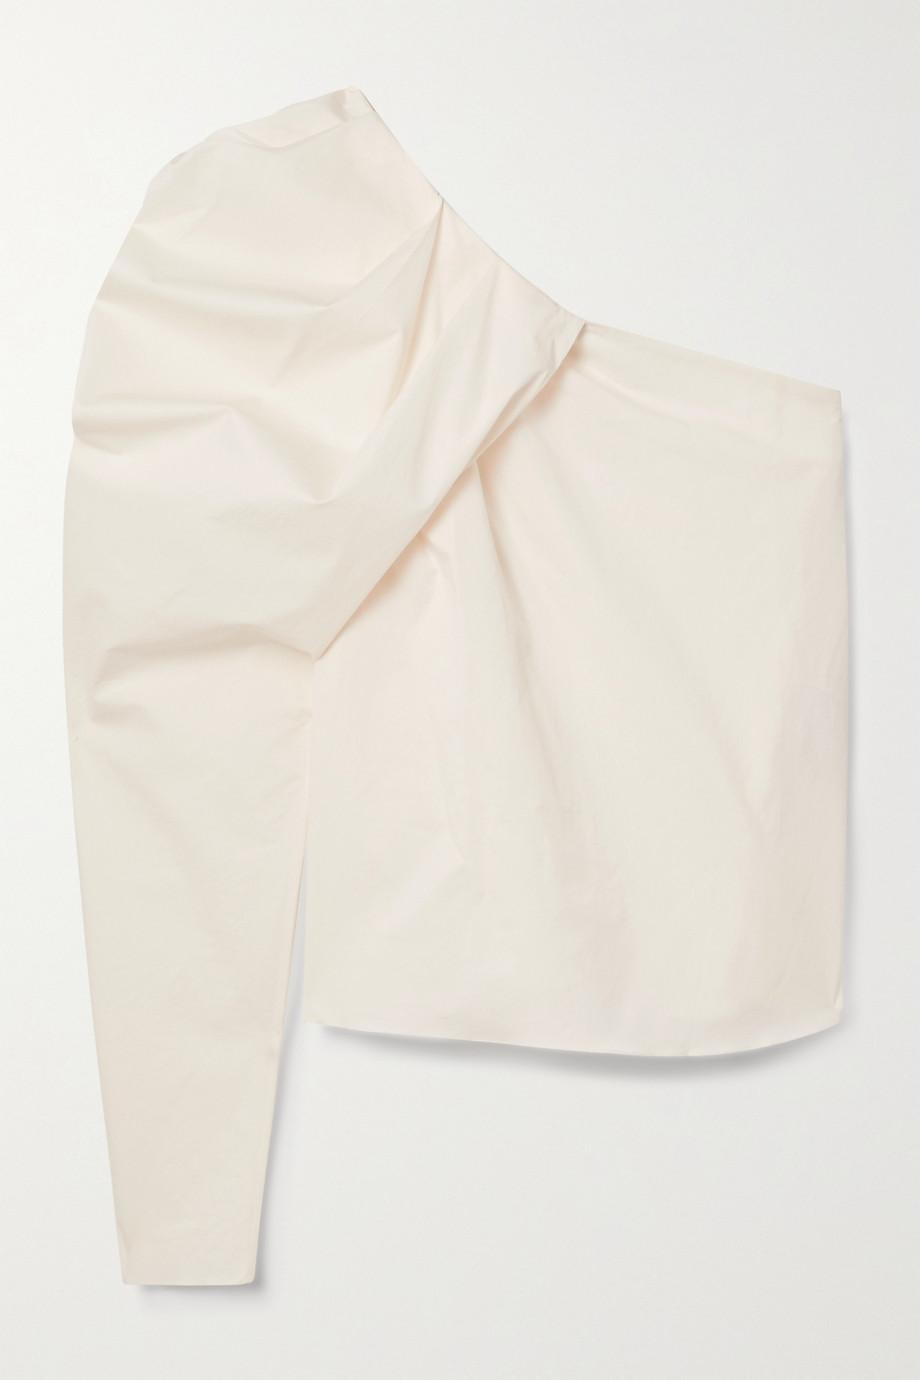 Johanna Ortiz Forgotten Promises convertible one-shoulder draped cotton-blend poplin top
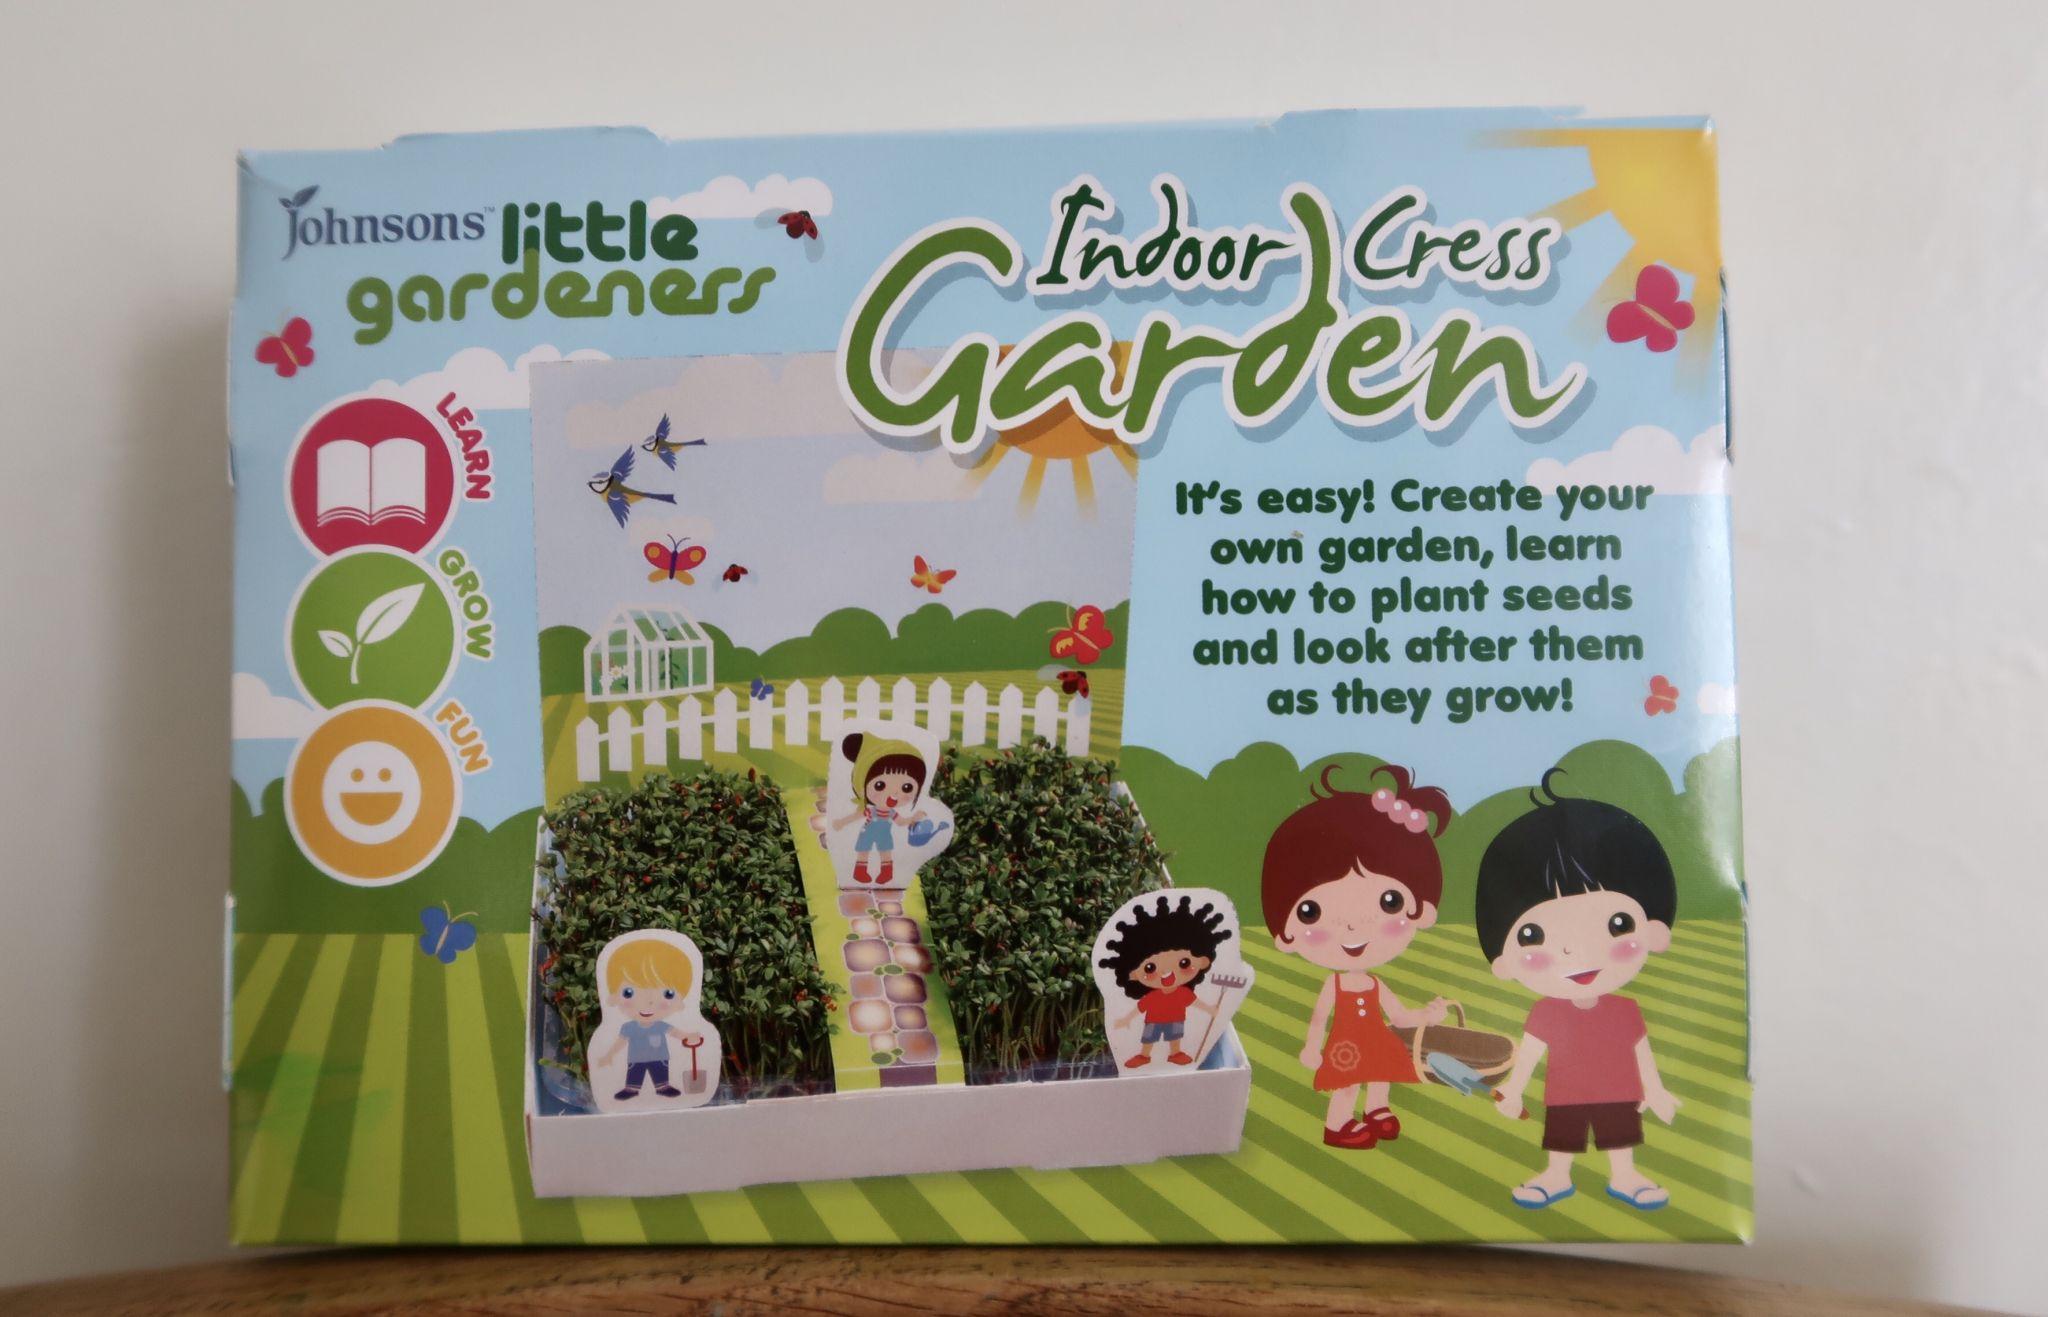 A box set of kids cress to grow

◆ ◆ ◆ ◆ ◆ ◆ ◆

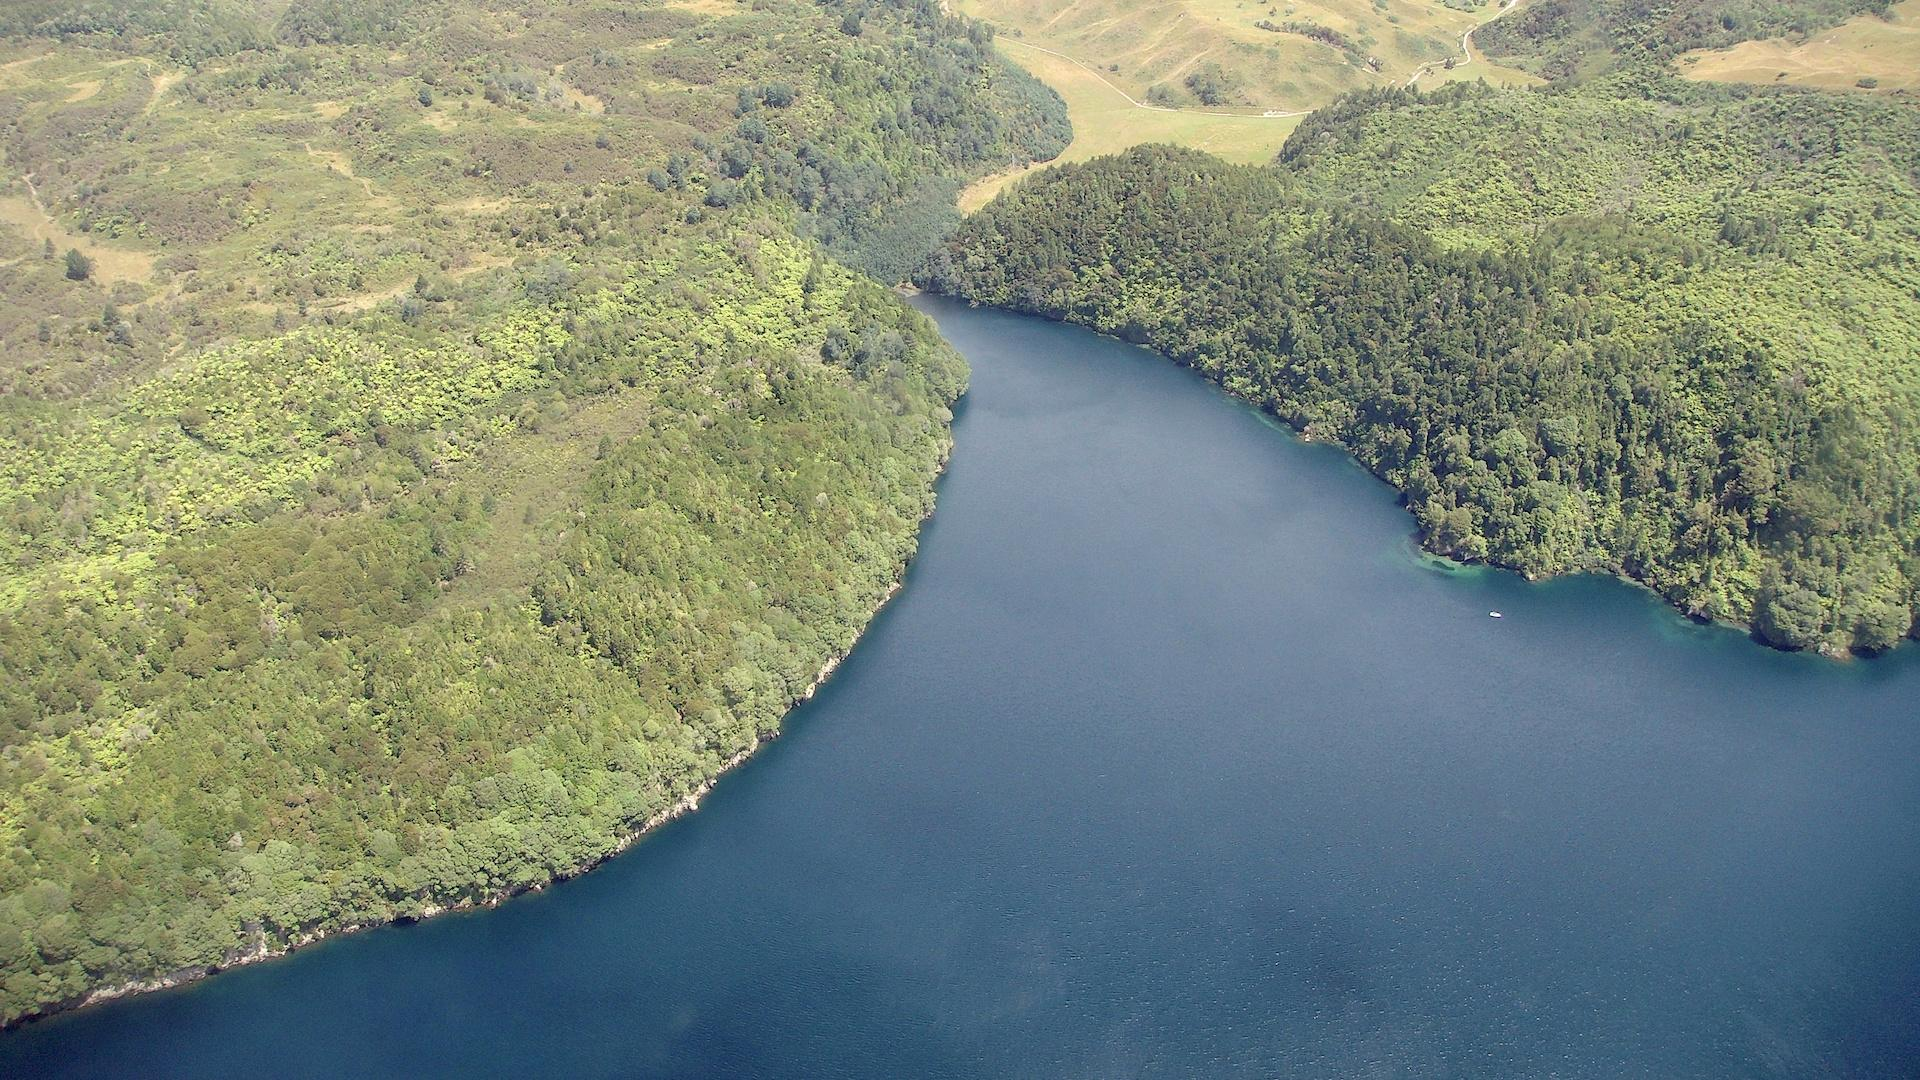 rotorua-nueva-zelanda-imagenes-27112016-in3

◆ ◆ ◆ ◆ ◆ ◆ ◆

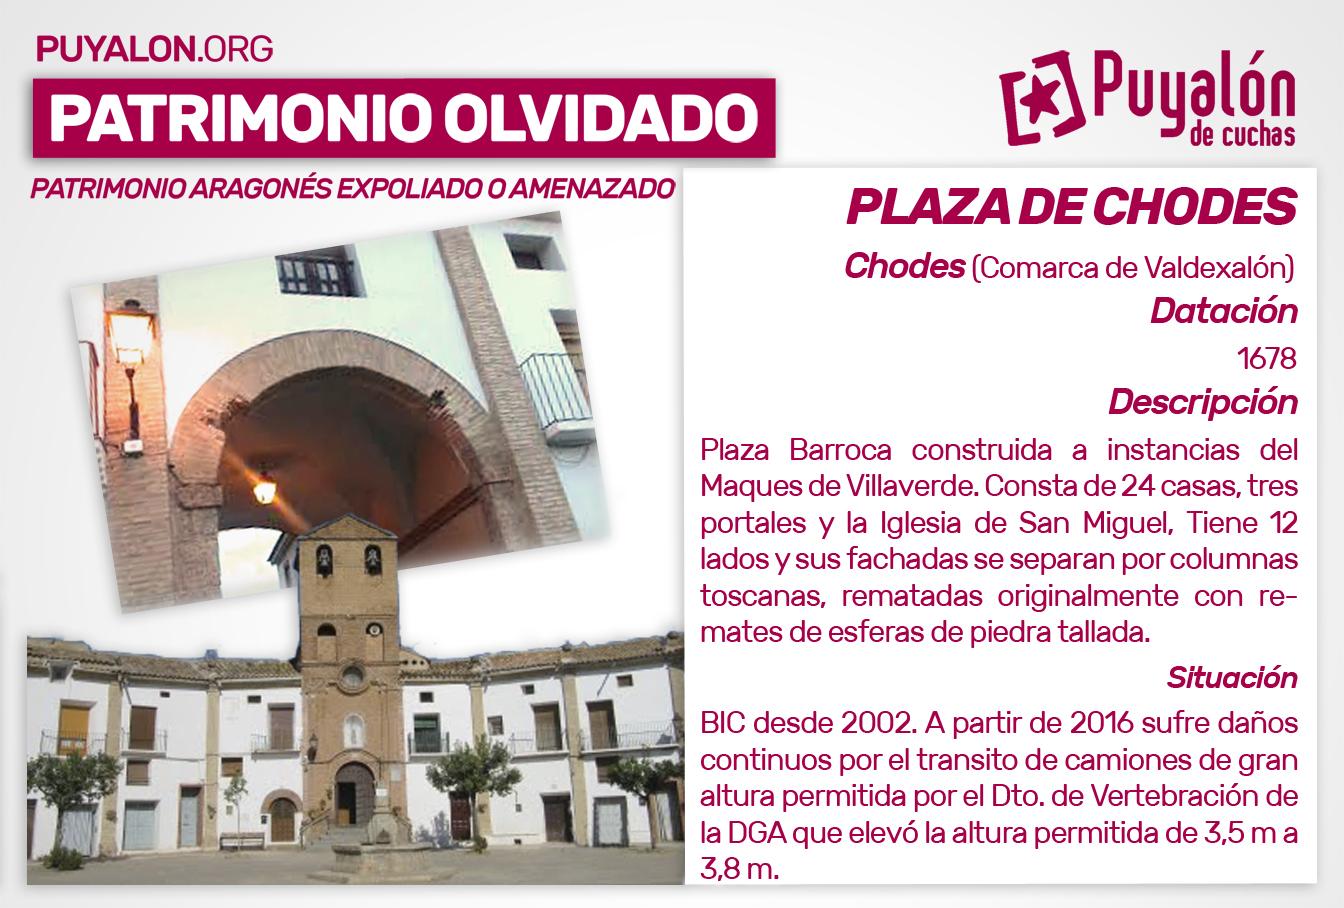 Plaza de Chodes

◆ ◆ ◆ ◆ ◆ ◆ ◆

Problem =
Only one stretch of the listing above is to be duplicated: the lines from the one containing "Johanna Ortiz Forgotten" through the one containing "A box set of kids cress to grow", both included. Copy them exactly, minus the pictures.

Task solution =
 Johanna Ortiz Forgotten Promises convertible one-shoulder draped cotton-blend poplin top
 A box set of kids cress to grow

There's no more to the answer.